Since it’s also possible to assign textual names to hot cue points in Serato, let’s check how these are stored. After preparing a file with 3 named hotcues and dumping its tags, a quick glance at hexdump’s output confirms that the names are also stored in Serato Markers2.

$ grep -Poaz '[\w/]*' hotcues-with-names/Serato\ Markers2.octet-stream | tr -d '\0' | base64 -d | hexdump -C
00000000  01 01 43 4f 4c 4f 52 00  00 00 00 04 00 ff ff ff  |..COLOR.........|
00000010  43 55 45 00 00 00 00 1a  00 00 00 00 00 00 00 cc  |CUE.............|
00000020  00 00 00 00 48 65 6c 6c  6f 2c 20 57 6f 72 6c 64  |....Hello, World|
00000030  21 00 43 55 45 00 00 00  00 15 00 01 00 03 55 58  |!.CUE.........UX|
00000040  00 cc 88 00 00 00 c3 a4  c3 b6 c3 bc c3 9f 00 43  |...............C|
00000050  55 45 00 00 00 00 13 00  02 00 00 ea 64 00 00 00  |UE..........d...|
00000060  cc 00 00 c3 a9 c3 a8 c3  aa 00 42 50 4d 4c 4f 43  |..........BPMLOC|
00000070  4b 00 00 00 00 01 00 00                           |K.......|
00000078

As we can see in hexdump’s ASCII output, the first hotcue is named Hello, World!. To check how non-ASCII chars in hotcue names are encoded, hotcue 2 and 3 were named äöüß and éèê. My guess that UTF-8 has been used turned out to be correct.

Saved Loops

Using the same approach as above can be used to determine how saved loops are stored. One problem popped up is that Serato may insert linefeed characters 0a into the base64 string.

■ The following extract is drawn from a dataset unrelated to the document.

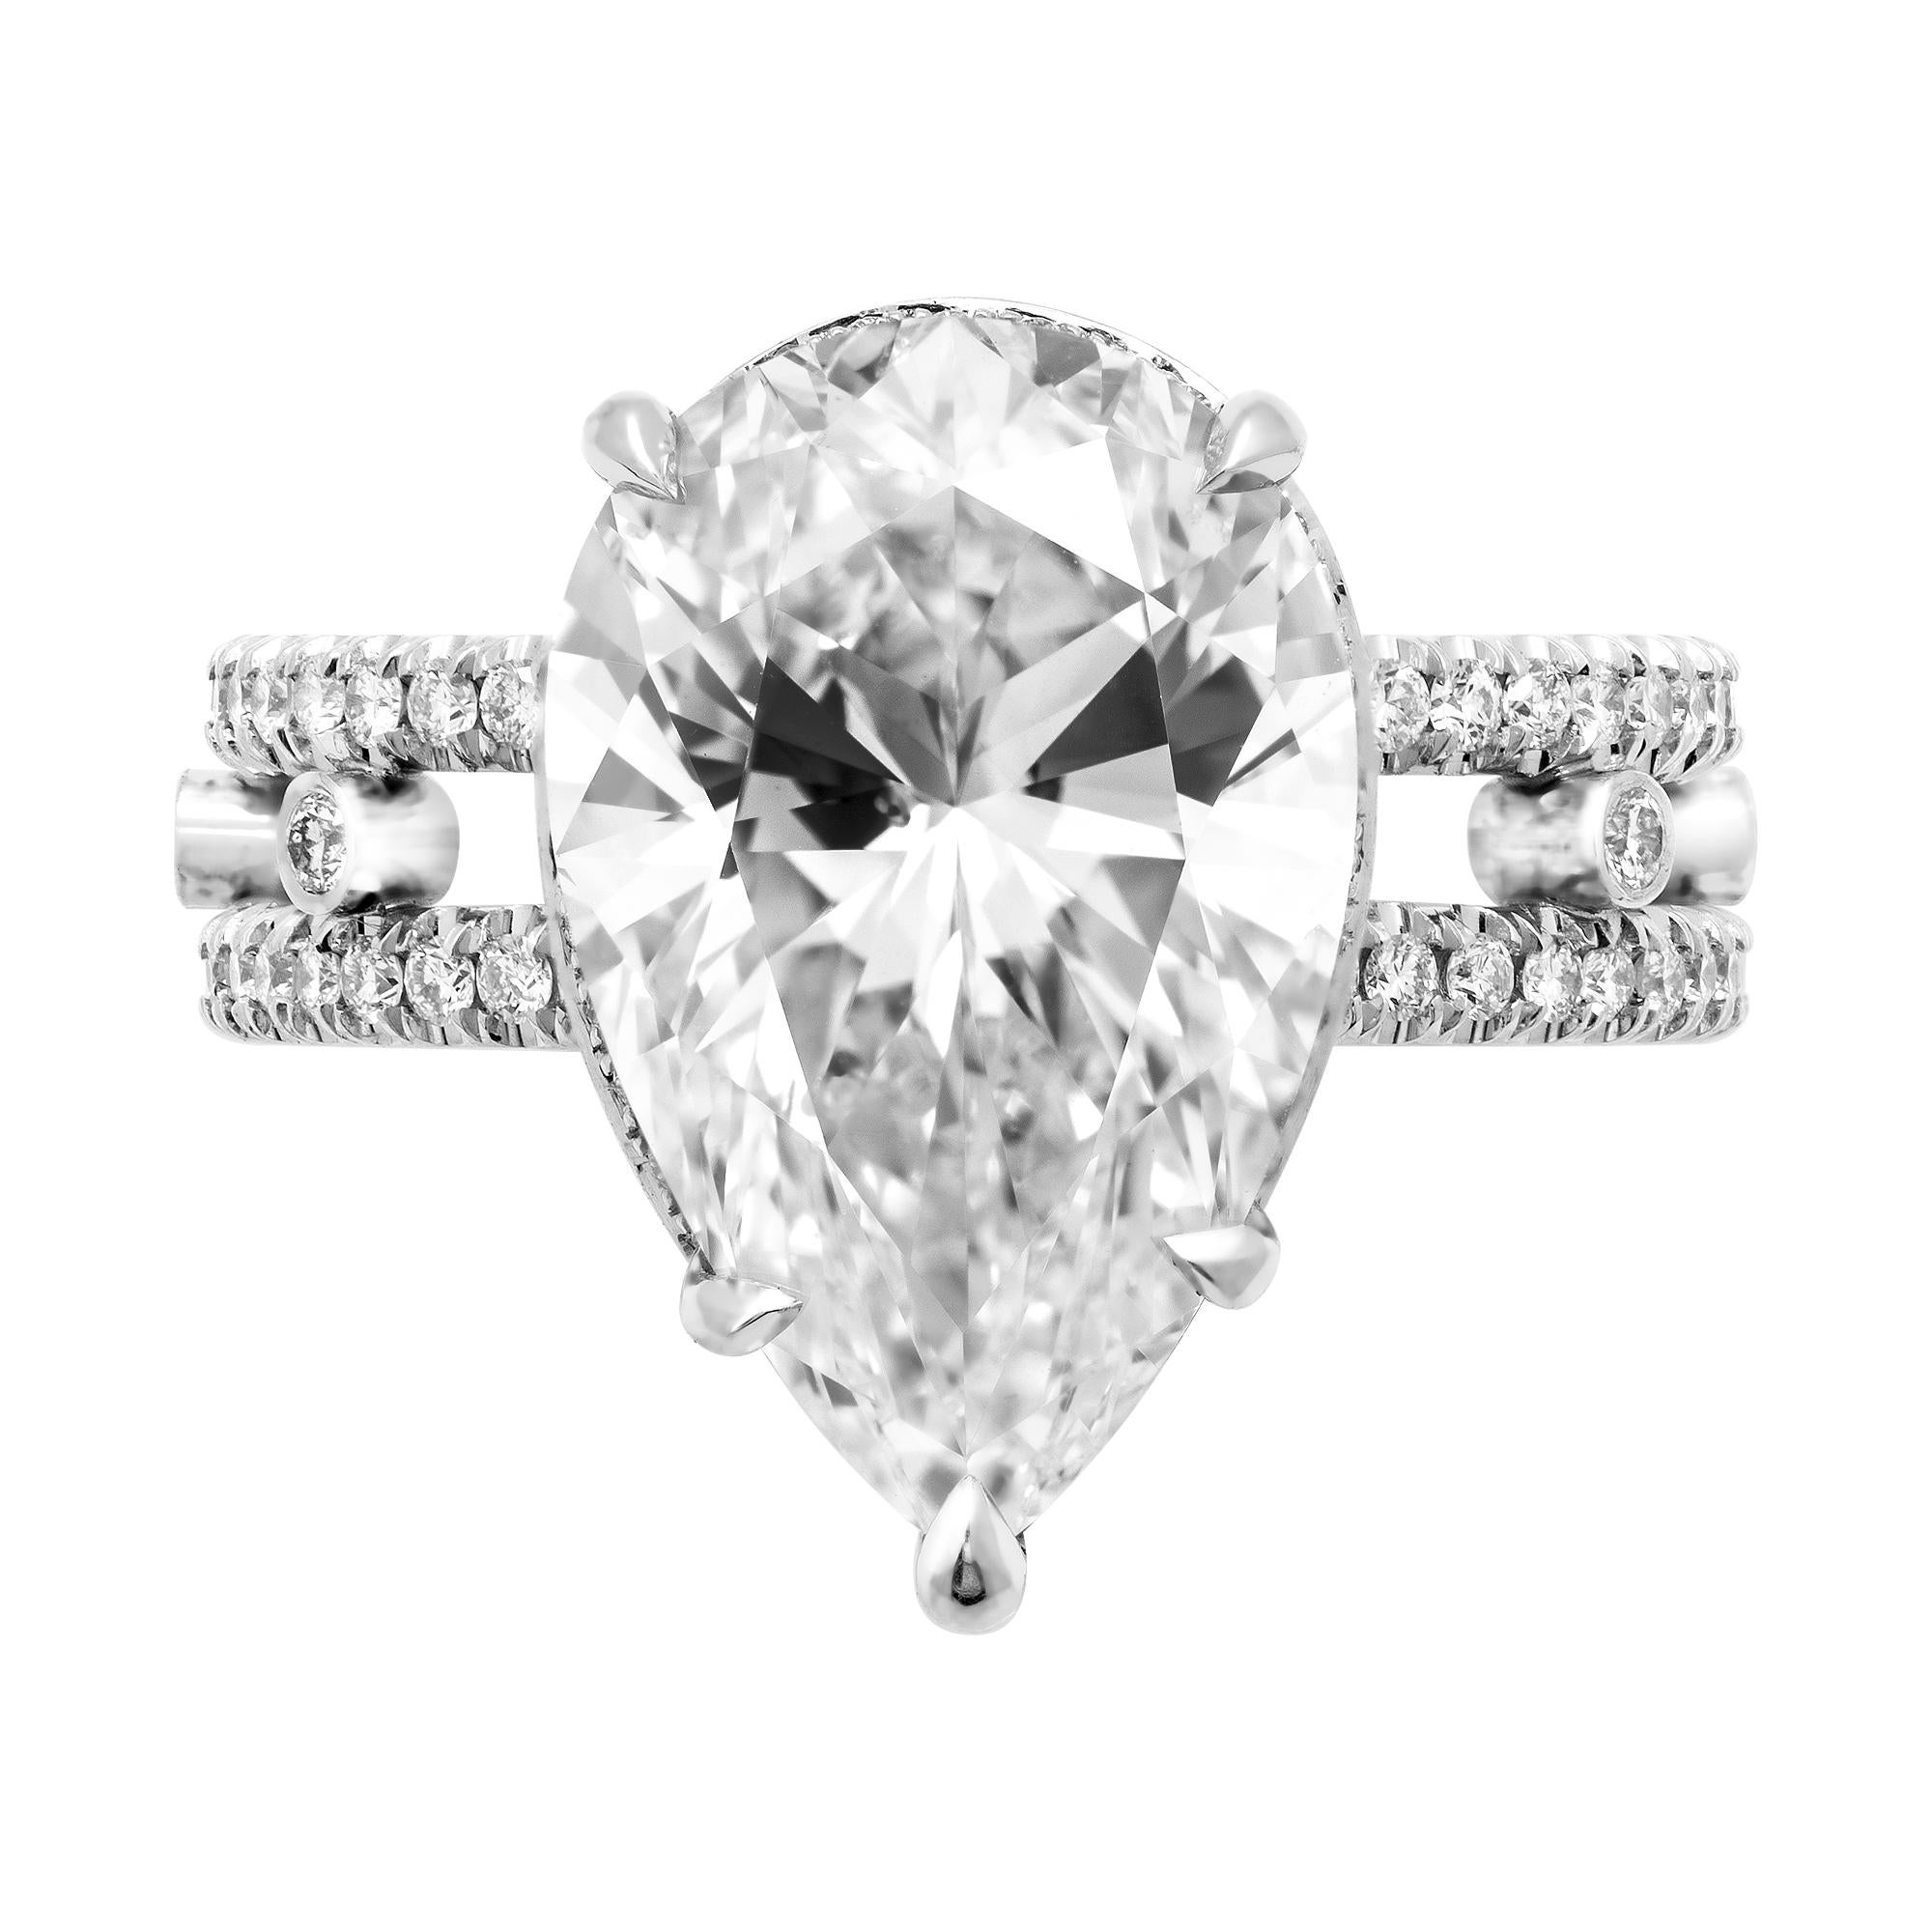 A Magnificent Handmade Engagement Platinum Ring with GIA Certified 6.02CT Pear Shaped Center Diamond in K color SI1 clarity (Faces up White because to Medium Fluorescence and due to the large size, eye Clear).
 The Measurements of the Diamond are

Also, the base64 string may lead to decoding errors caused by an invalid length. In that case the last byte can apparently just be ignored.

What’s left to do?

A lot. Some fields in the Serato Markers2 are still unmapped, and I didn’t really look at the Serato Offsets_ and Serato_Markers_ tags. Maybe some fields could be edited manually to see how Serato reacts to these changes?

I was mainly doing this to add support for importing Serato Hotcues to Mixxx, an excellent free and open-source DJ application that runs on Windows, Mac and Windows. Also, I didn’t investigate how Serato Flips are stored since such a functionality is not implemented in Mixxx yet.

Data dumps, example scripts and further information can be found at my GitHub repository. If you want to help completing the documentation of Serato’s GEOB data formats, feel free to send me a pull request.